Here we consider which severe weather events in the US have the most impact, in terms of fatalities, injuries, property damage, and crop damage. We first find the events which have the greatest number of fatalities within the entire US, and then break this down by state. Then, we find those events which have the largest amount of property damage across the entire US, and then break this down by state. We discover that most fatalities come from tornados, heat. flash glood, and excessive heat, but these are problems only in specific states . We discover that most property damage comes from thunderstorm winds, tornados, floods, and flash floods, but again, concentrated in specific states. Perhaps this could be useful in analyzing how resources should be allocated to deal with these extreme weather events.
The data for this analysis was taken from this web site: https://d396qusza40orc.cloudfront.net/repdata%2Fdata%2FStormData.csv.bz2 which is a copy of the U.S. National Oceanic and Atmospheric Administration’s (NOAA) storm database. We downloaded it on 12/16/2014.
For making sense of the data, these two links may prove useful: National Weather Service Storm Data Documentation National Climatic Data Center Storm Events FAQ
The data format is a csv file, compressed in bz2 format. read.csv() is able to read it even when compressed.
df <- read.csv("c:/josh/repdata-data-StormData.csv.bz2")
We use the dplyr package for manipulating the data and the lattice package for plotting the data
library(dplyr)
##
## Attaching package: 'dplyr'
##
## The following object is masked from 'package:stats':
##
## filter
##
## The following objects are masked from 'package:base':
##
## intersect, setdiff, setequal, union
library(lattice)
We consider the following question: Across the United States, which types of events (as indicated in the EVTYPE variable) are most harmful with respect to population health?
We look across the entire US and find the events with the most fatalities, which we shall report in the Results section. Using dplyr, we group by event type and then aggregate the fatalities and injuries.

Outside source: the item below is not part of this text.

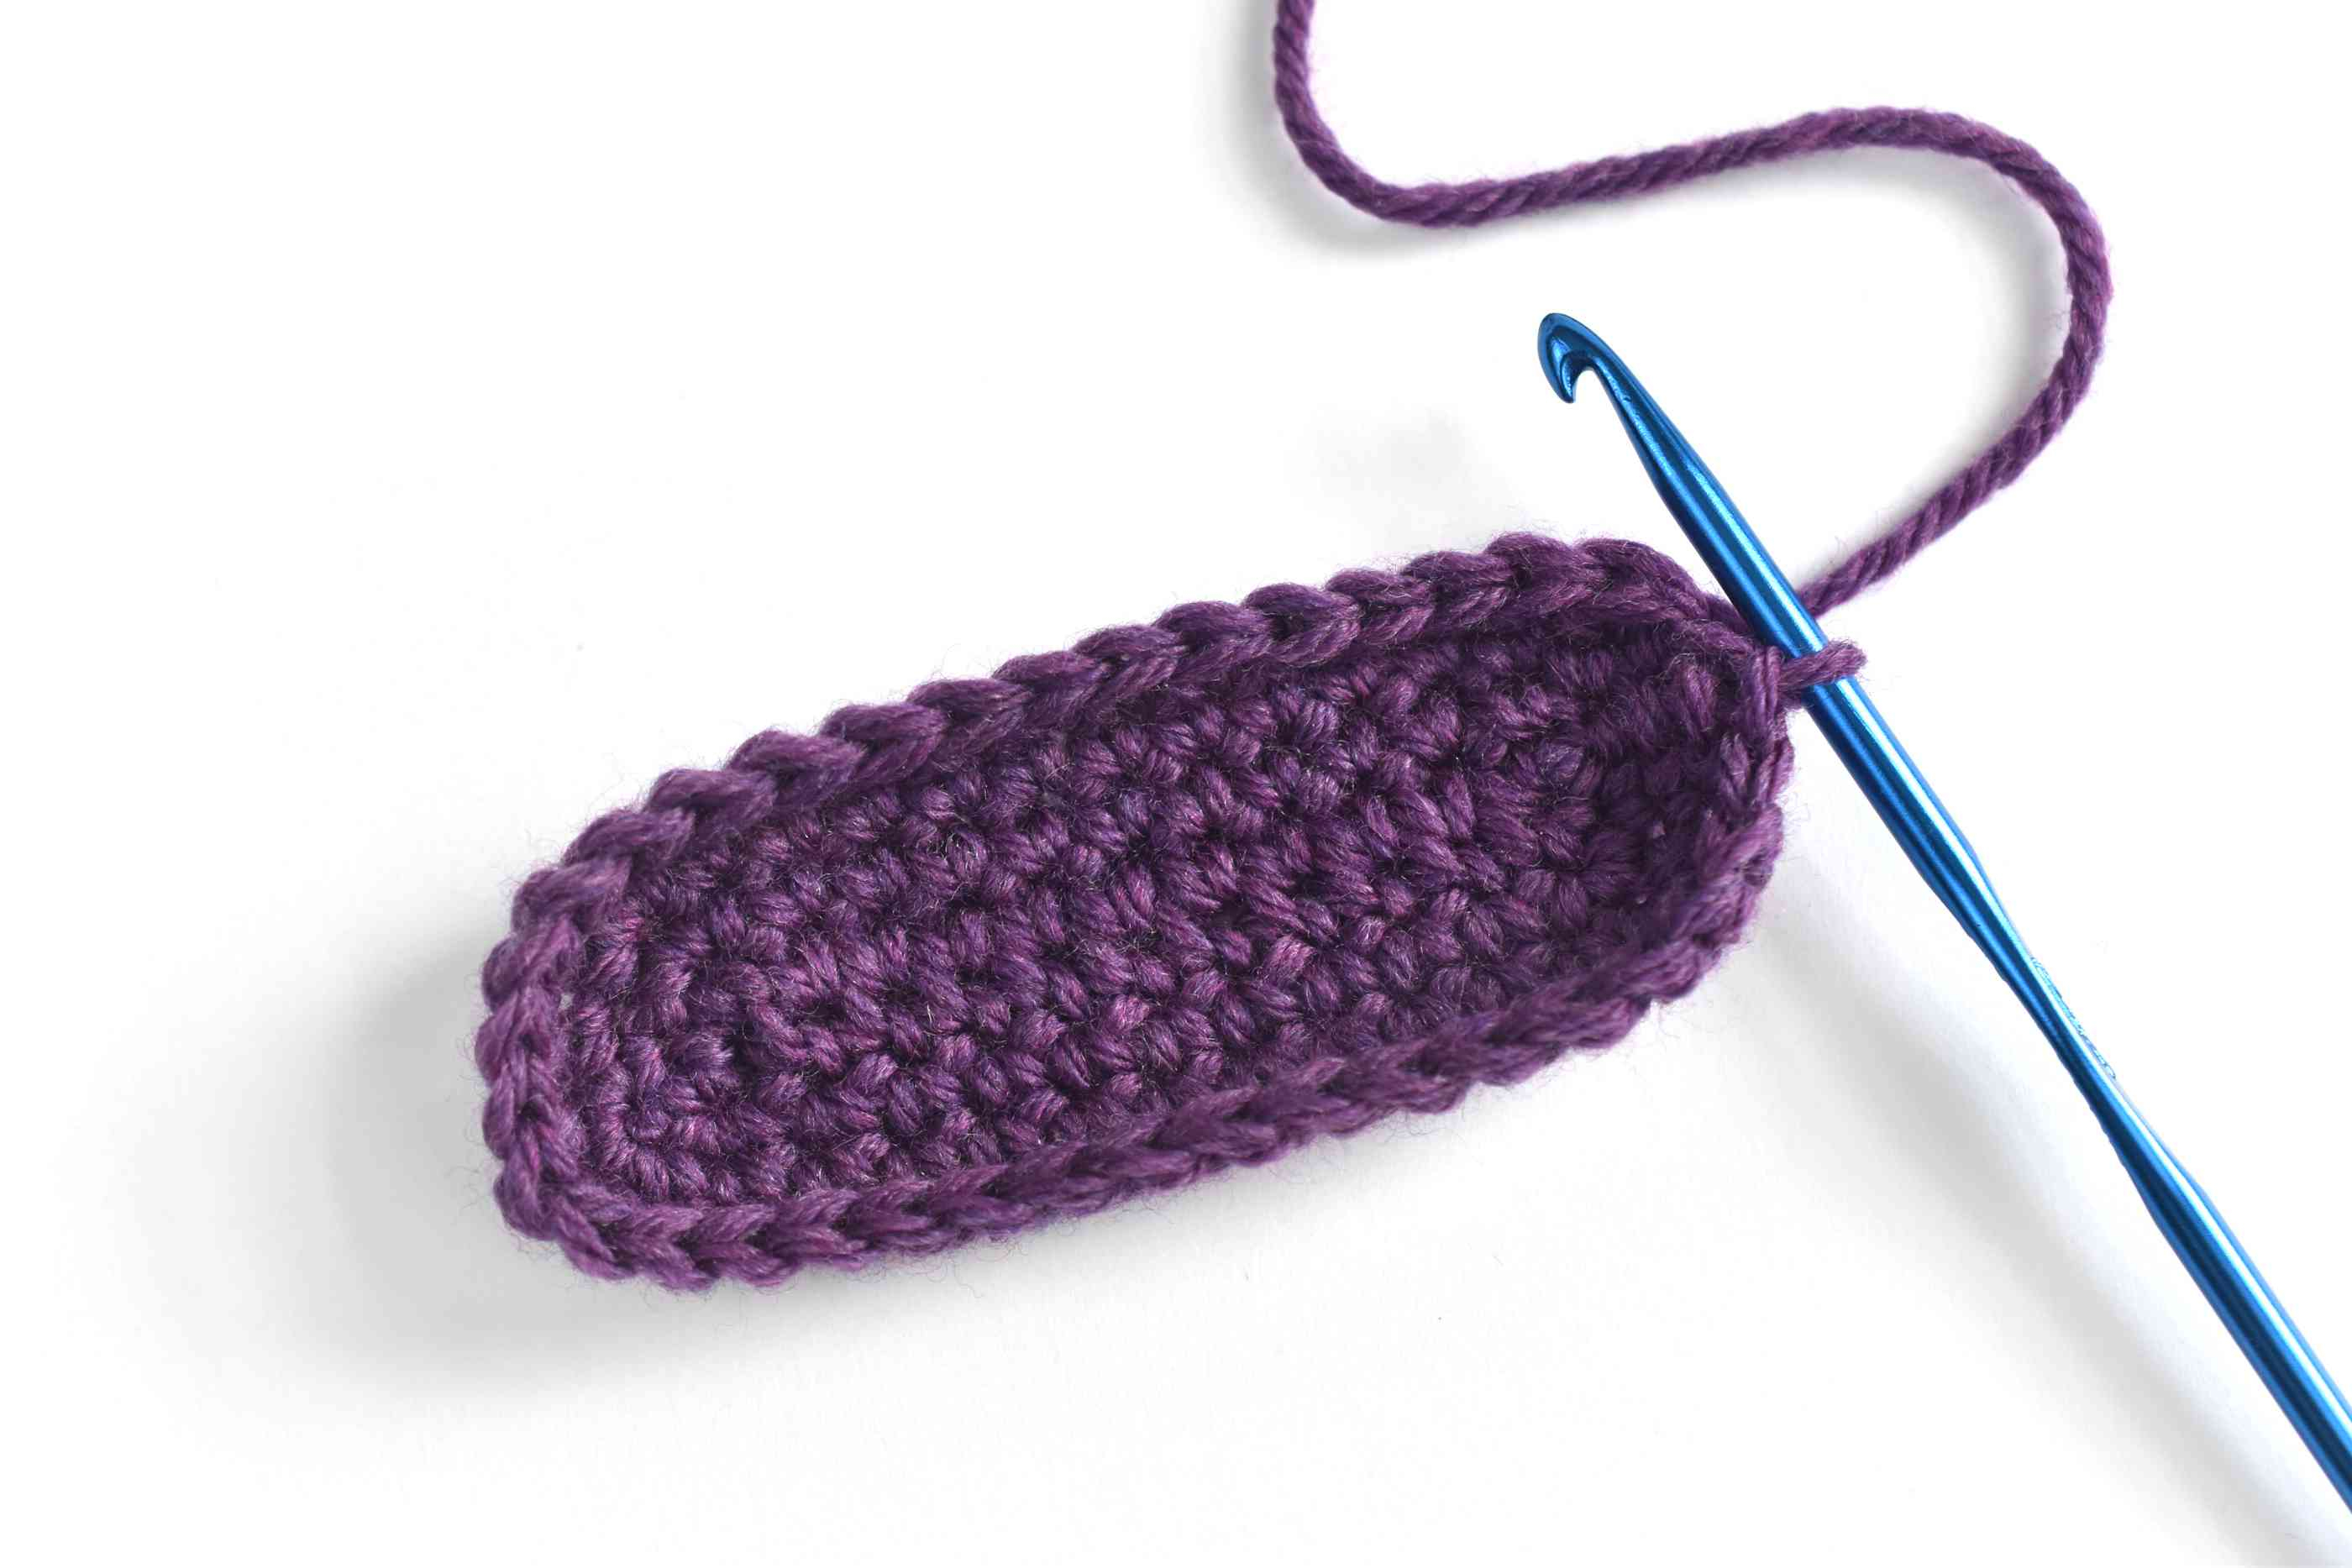 Crochet Slippers Pattern Free Simple Crochet Slippers Free Pattern

health <- group_by(df, EVTYPE)
health <- summarise(health, num_fatalities = sum(FATALITIES), num_injuries = sum(INJURIES))

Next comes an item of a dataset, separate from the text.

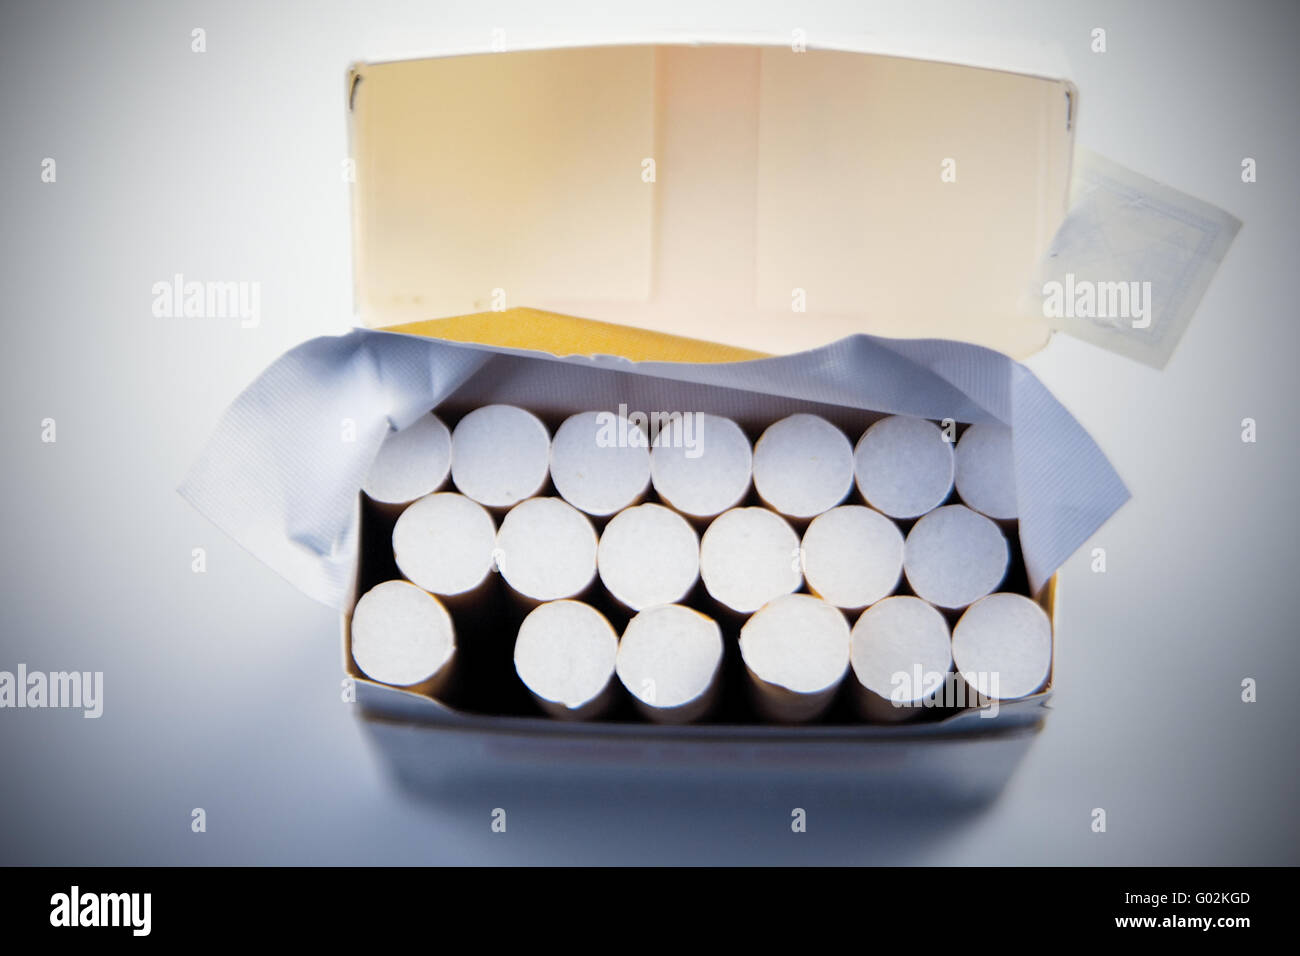 Öffnen Sie Zigaretten Karton Stockfoto

health <- arrange(health, desc(num_fatalities), desc(num_injuries))
most_freq <- health[1:4, ]$EVTYPE
most_fatalities <- most_freq
health_us <- health
Then, taking only the four most damaging events (in terms of fatalities), we consider how these impact each state. Using dplyr, we group by both state and event type and then aggregate the fatalities and injuries. We filter by the four most frequent events.
health <- group_by(df, STATE, EVTYPE)
health <- summarise(health, num_fatalities = sum(FATALITIES), num_injuries = sum(INJURIES))
health <- health[health$EVTYPE %in% most_freq, ]
health <- arrange(health, EVTYPE)
Next, we look across the entire US and find the events with the most property damage, which we shall report in the Results section. Using dplyr, we group by event type and then aggregate the property and crop damage.
damage <- group_by(df, EVTYPE)
damage <- summarise(damage, num_property_damage = sum(PROPDMG), num_crop_damage = sum(CROPDMG))
damage <- arrange(damage, desc(num_property_damage), desc(num_crop_damage))
most_freq <- damage[1:4, ]$EVTYPE
most_property_damage <- most_freq
damage_us <- damage
Then, taking only the four most damaging events (in terms of property damage), we consider how these impact each state. Using dplyr, we group by both state and event type and then aggregate the property and crop damage. We filter by the four most frequent events.
damage <- group_by(df, STATE, EVTYPE)
damage <- summarise(damage, num_property_damage = sum(PROPDMG), num_crop_damage = sum(CROPDMG))
damage <- damage[damage$EVTYPE %in% most_freq, ]
damage <- arrange(damage, EVTYPE)
Looking at the most fatal weather events across the entire US, we find the most common are these. We report here the fatalities and injuries:
head(health_us)
## Source: local data frame [6 x 3]
##
## EVTYPE num_fatalities num_injuries
## 1 TORNADO 5633 91346
## 2 EXCESSIVE HEAT 1903 6525
## 3 FLASH FLOOD 978 1777
## 4 HEAT 937 2100
## 5 LIGHTNING 816 5230
## 6 TSTM WIND 504 6957
The four most frequent are TORNADO, EXCESSIVE HEAT, FLASH FLOOD, HEAT.
We now break this down by state, showing the fatalities for each of these four weather events:
barchart(EVTYPE ~ num_fatalities | STATE, data = health, color=health$EVTYPE, col=c("green", "red", "blue"), main="Fatalities by state", xlab = "# fatalities")
Looking at the most damaging weather events across the entire US (forconsidered in terms of property damage), we find the most common are these. We report here the property and crop damage:
head(damage_us)
## Source: local data frame [6 x 3]
##
## EVTYPE num_property_damage num_crop_damage
## 1 TORNADO 3212258.2 100018.52
## 2 FLASH FLOOD 1420124.6 179200.46
## 3 TSTM WIND 1335965.6 109202.60
## 4 FLOOD 899938.5 168037.88
## 5 THUNDERSTORM WIND 876844.2 66791.45
## 6 HAIL 688693.4 579596.28
The four most frequent are TORNADO, FLASH FLOOD, TSTM WIND, FLOOD. We now break this down by state, showing the property damage for each of these four weather events:
barchart(EVTYPE ~ num_property_damage | STATE, data = damage, color=damage$EVTYPE, col=c("green", "red", "blue"), main="Property damage by state", xlab = "property damage")